Given an array of integers and a target, return indices of the two numbers that add up to the target. Adobe phone screens use this as the warm-up that decides whether you understand the array-to-hashmap conversion that powers nearly every duplicate/lookup task in image-processing pipelines.

By Alex Chen, Founder, InterviewChamp.AI · Last verified

Source citations

Public interview reports confirming this problem appears in Adobe loops.

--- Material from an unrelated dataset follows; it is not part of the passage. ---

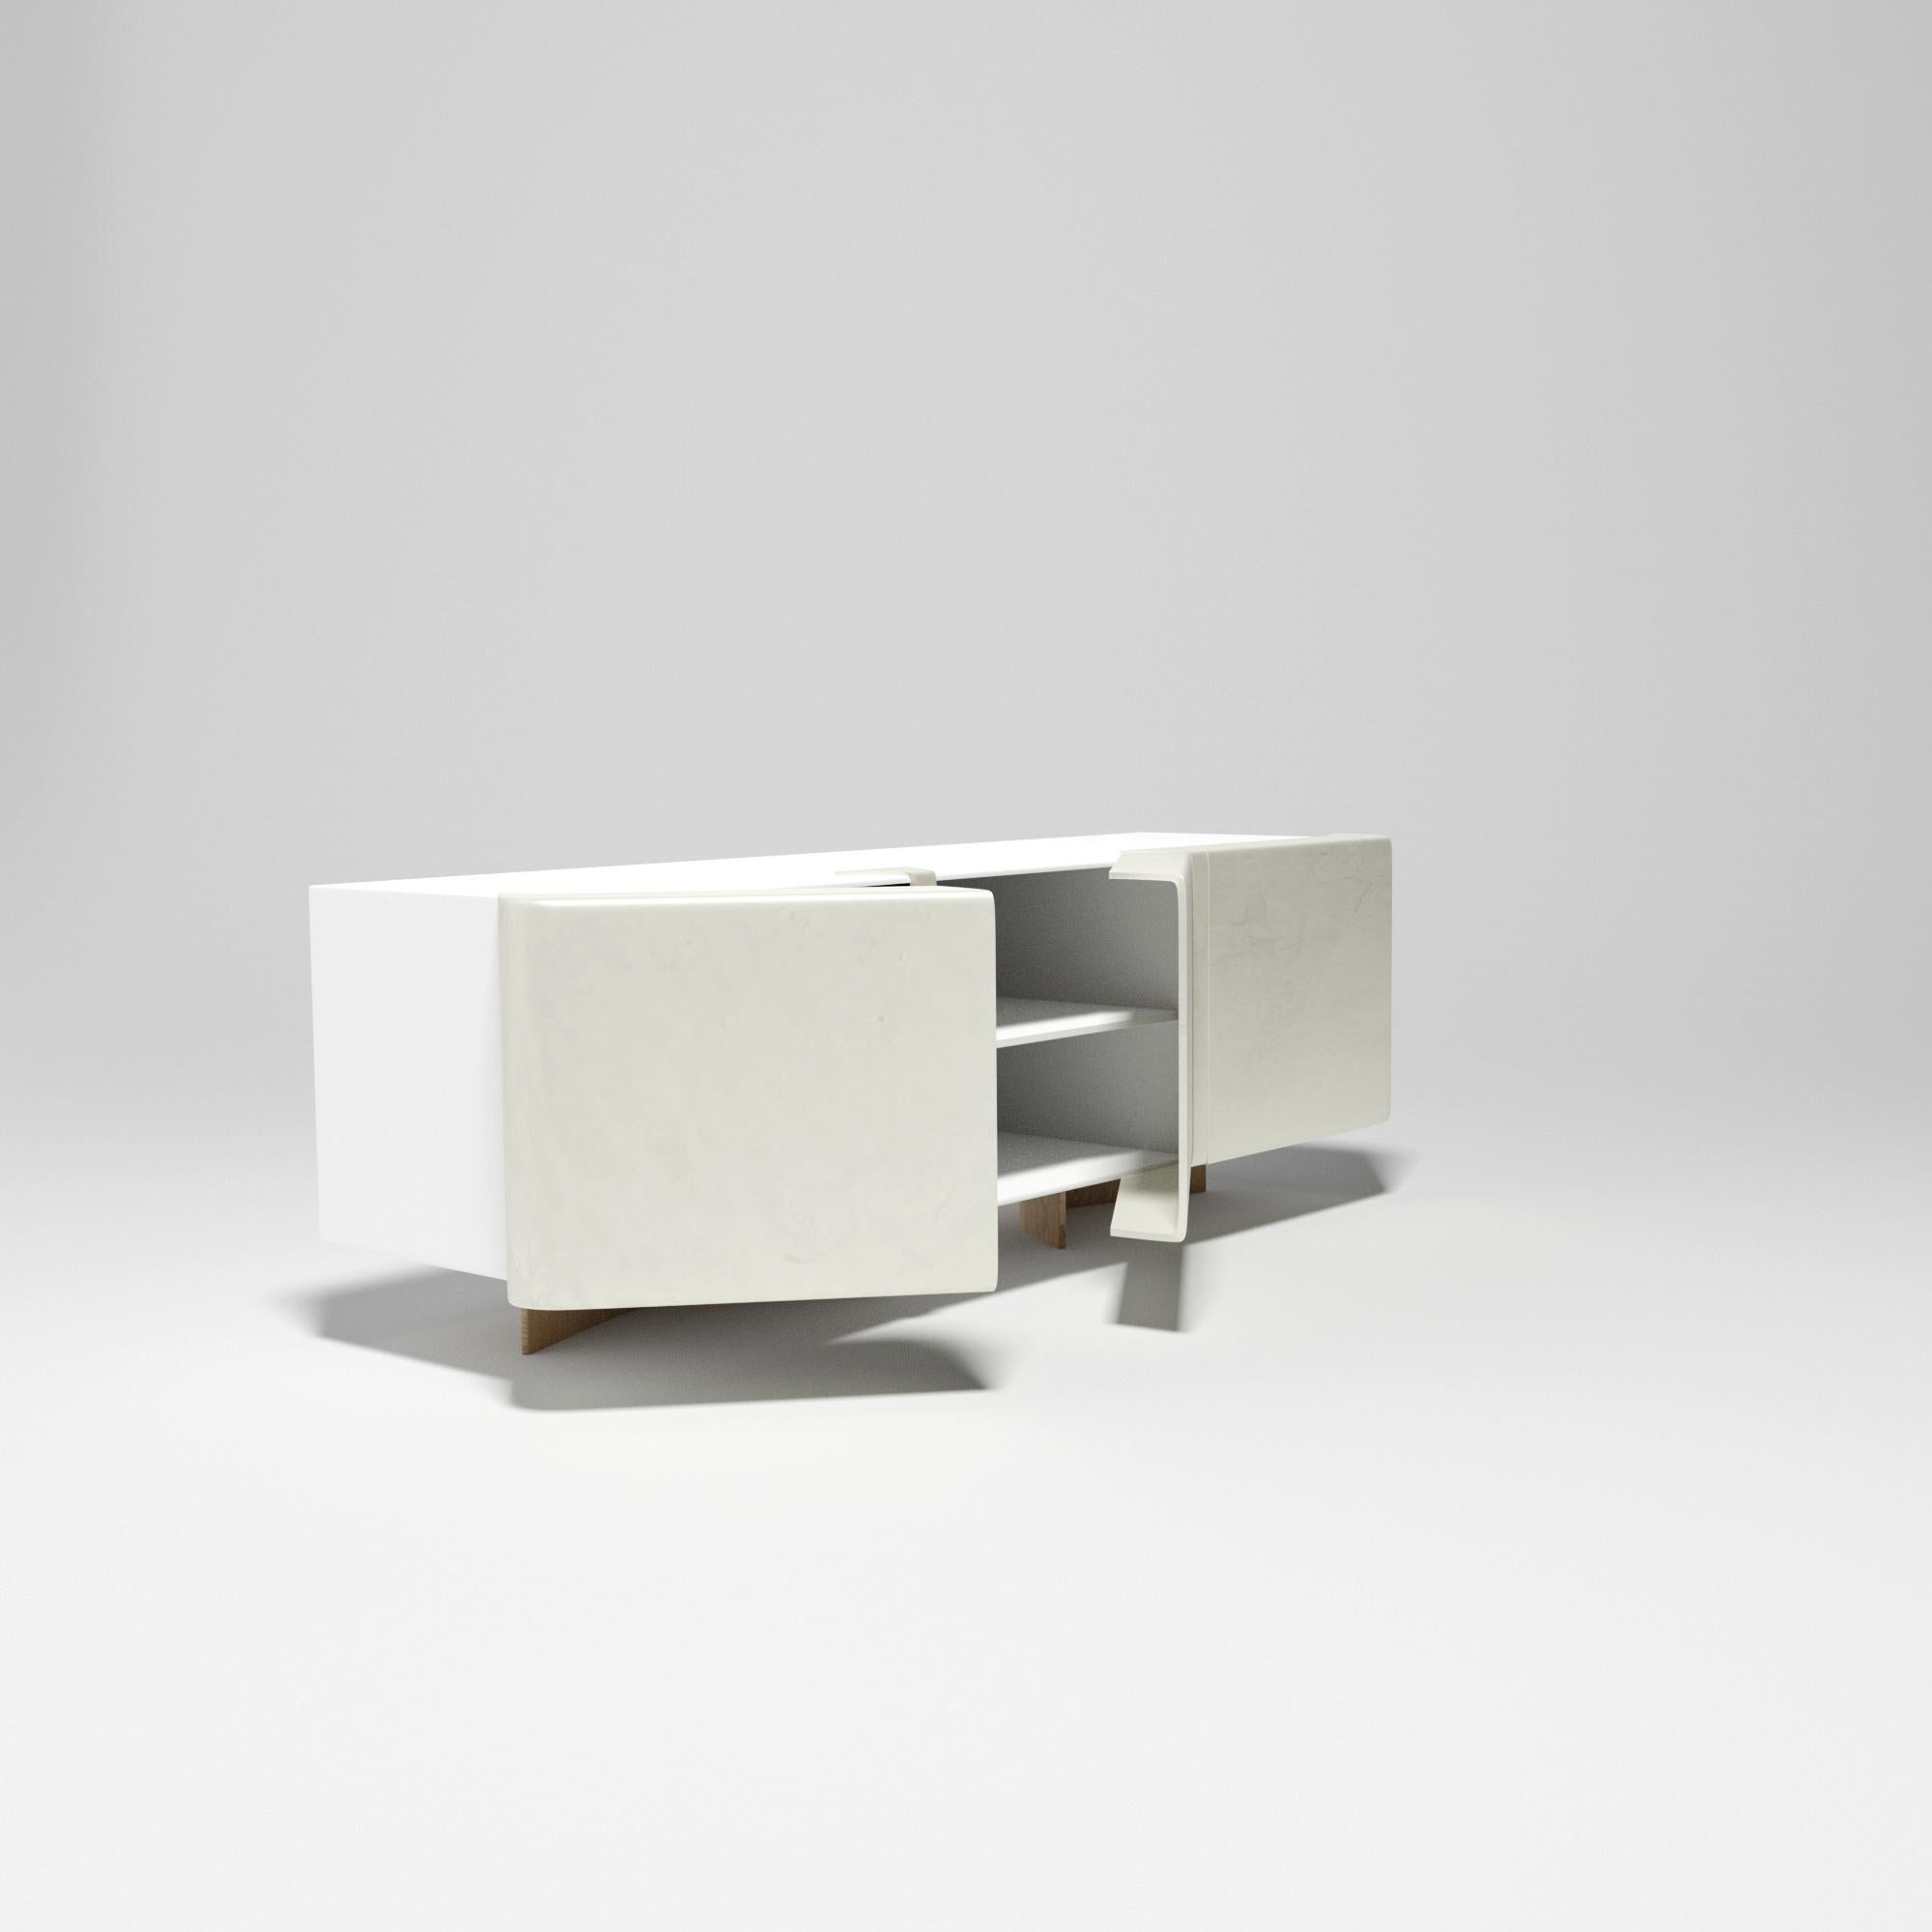 French Linden, Lime Powder Coated 21st Century Design Sideboard by Studio SORS
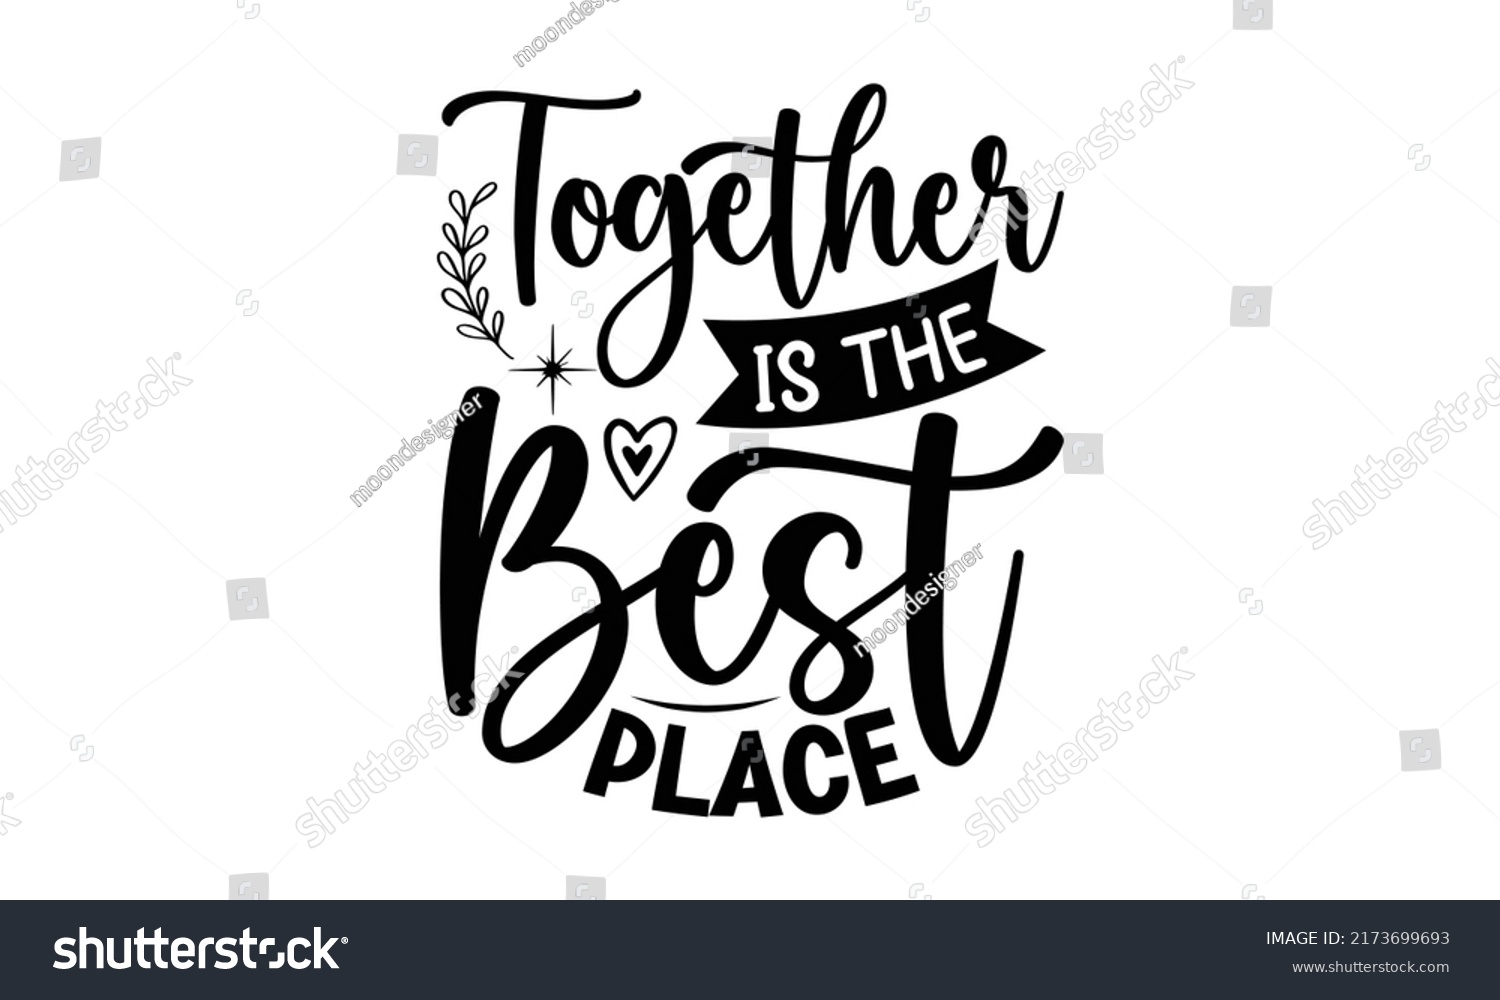 SVG of Together is the best place- family t shirt design, svg, Family Quotes SVG Cut Files Designs, Family quotes SVG cut files, Family quotes t shirt designs, Doormat Lettering Quotes For Printable Poster,  svg

  • Glassdoor (2026-Q1)Adobe SDE-I phone screen reports cite this as the first warm-up question.
  • LeetCode Discuss (2025-11)Adobe MTS interviewers frequently open with this before harder array problems.

Problem

Given an array of integers nums and an integer target, return indices of the two numbers such that they add up to target. You may assume that each input would have exactly one solution, and you may not use the same element twice. Return the answer in any order.

Constraints

  • 2 <= nums.length <= 10^4
  • -10^9 <= nums[i] <= 10^9
  • -10^9 <= target <= 10^9
  • Only one valid answer exists.

Examples

Example 1

Input
nums = [2,7,11,15], target = 9
Output
[0,1]

Explanation: nums[0] + nums[1] == 9, so we return [0, 1].

Example 2

Input
nums = [3,2,4], target = 6
Output
[1,2]

Approaches

1. Brute force nested loops

Check every pair (i, j) where i < j.

Time
O(n^2)
Space
O(1)
function twoSum(nums, target) {
  for (let i = 0; i < nums.length; i++) {
    for (let j = i + 1; j < nums.length; j++) {
      if (nums[i] + nums[j] === target) return [i, j];
    }
  }
}

Tradeoff: Quadratic — fine for tiny arrays but Adobe expects you to recognize the hashmap optimization immediately.

2. Hashmap one-pass

Iterate once; for each num, check if (target - num) is already in the map. If so, return its index. Otherwise, store num -> index.

Time
O(n)
Space
O(n)
function twoSum(nums, target) {
  const seen = new Map();
  for (let i = 0; i < nums.length; i++) {
    const complement = target - nums[i];
    if (seen.has(complement)) {
      return [seen.get(complement), i];
    }
    seen.set(nums[i], i);
  }
}

Tradeoff: Linear time and space. The key insight: instead of looking 'forward' for each pair, ask 'have I already seen the complement?' That single mental flip is what Adobe phone screens grade.

Adobe-specific tips

Adobe screens this for clean variable naming (use 'complement' not 'x') and tight code. They'll often follow up with 'what if the array fits in memory but the target is a float — say a color delta — what changes?' Be ready to discuss floating-point equality and tolerance-based matching used in color-pipeline lookups.

Common mistakes

  • Using the same index twice — forgetting that nums[i] + nums[i] is not allowed.
  • Storing all values first, then iterating — wastes the one-pass elegance.
  • Returning the values instead of the indices — read the problem statement carefully.

Follow-up questions

An interviewer at Adobe may pivot to one of these next:

  • What if the array is sorted? (Two-pointer approach, O(1) space.)
  • What if there are multiple valid pairs and you need all of them?
  • Three Sum (LC 15) — natural follow-up extending this pattern.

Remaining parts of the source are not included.